The falling dollar will make it increasingly more expensive for the U.S. government to accumulate more debt.  Eventually, it will be forced to either cut spending, explicitly shift costs to U.S citizens by increasing taxes directly, or (most likely) to increase taxes through higher inflation.  Investors have already anticipated this and flocked to other currencies and gold as a refuge.  The slide will likely continue until some kind of budget reconciliation is evident.

The overwhelming response to the problems created by the government's financial irresponsibility has been to call for more protectionism, as Mr. Buchanan is doing.  Because it creates barriers to trade and investment, protectionism makes the U.S. dollar less valuable to both foreign consumers and investors, thus accelerating the fall of the dollar.  Investors have certainly anticipated this as well - but don't blame them for betting on the gullibility of Americans to the protectionist rhetoric of economic ignoramuses like Paul Krugman and Pat Buchanan.

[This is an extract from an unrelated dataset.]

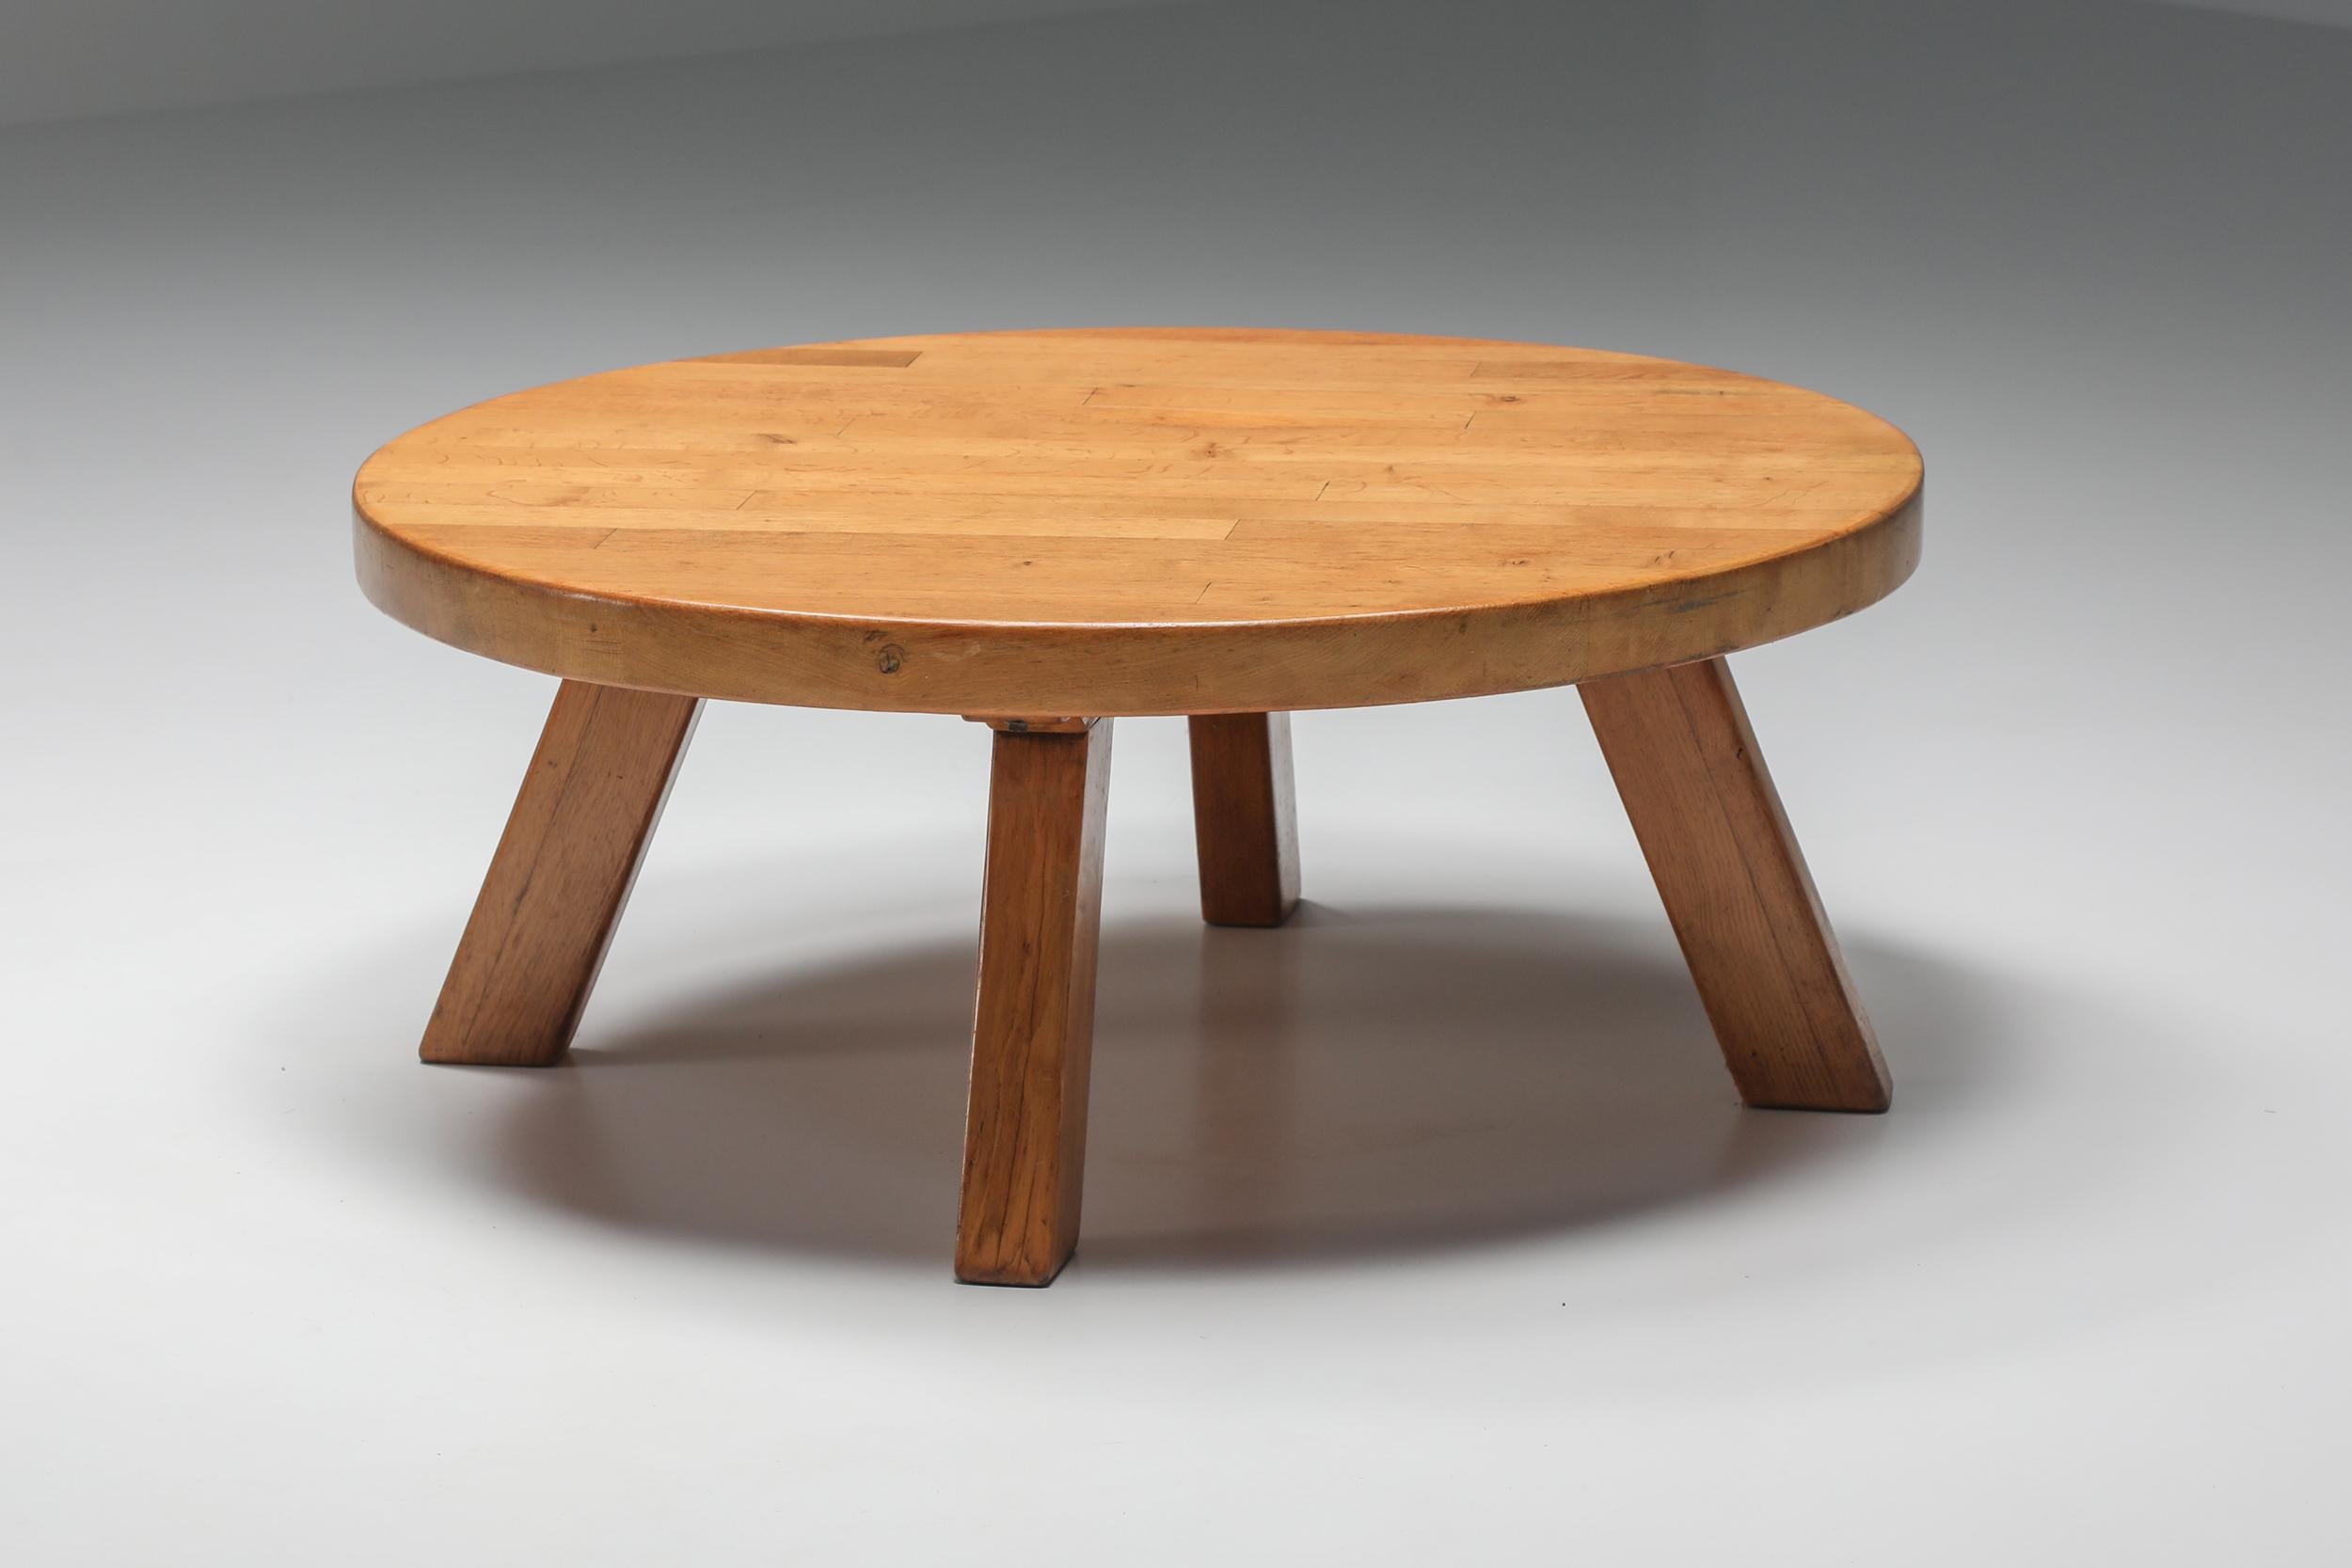 Charlotte Perriand style; round coffee table; 1960's; French Modernism; Minimalist; Pinewood; Japanese Influence; Side Table

Coffee table with an elegant round tabletop in the style of Charlotte Perriand's. Sleek design in pine in reference to

If we can avoid the protectionist trap and reconcile the budget, the falling value of the dollar will eventually attract investors and stimulate exports.  As the developing world becomes richer and freer, the U.S. dollar is unlikely to enjoy the unchallenged superiority it once had, but maturing foreign markets will attract products and services designed in America, and we will once again become a recipient of foreign investment.  Free markets and American ingenuity made the U.S. the greatest economy in the world, and they are the only way we will keep it that way.